_What the task asks_
Return the following from the records below: each line, word for word, starting with the line that contains "SUCRE, BOLIVIA - Mayo" and going on through the line that contains "El Mayorazgo Residencial", with nothing outside that range.

_Information shown_
• • • •

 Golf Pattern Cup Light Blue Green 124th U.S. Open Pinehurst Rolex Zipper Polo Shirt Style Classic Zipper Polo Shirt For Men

• • • •

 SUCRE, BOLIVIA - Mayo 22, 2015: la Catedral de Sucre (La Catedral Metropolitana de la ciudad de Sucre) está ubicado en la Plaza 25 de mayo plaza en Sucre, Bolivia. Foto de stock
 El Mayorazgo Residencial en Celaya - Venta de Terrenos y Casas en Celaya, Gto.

• • • •

_Your response_
 SUCRE, BOLIVIA - Mayo 22, 2015: la Catedral de Sucre (La Catedral Metropolitana de la ciudad de Sucre) está ubicado en la Plaza 25 de mayo plaza en Sucre, Bolivia. Foto de stock
 El Mayorazgo Residencial en Celaya - Venta de Terrenos y Casas en Celaya, Gto.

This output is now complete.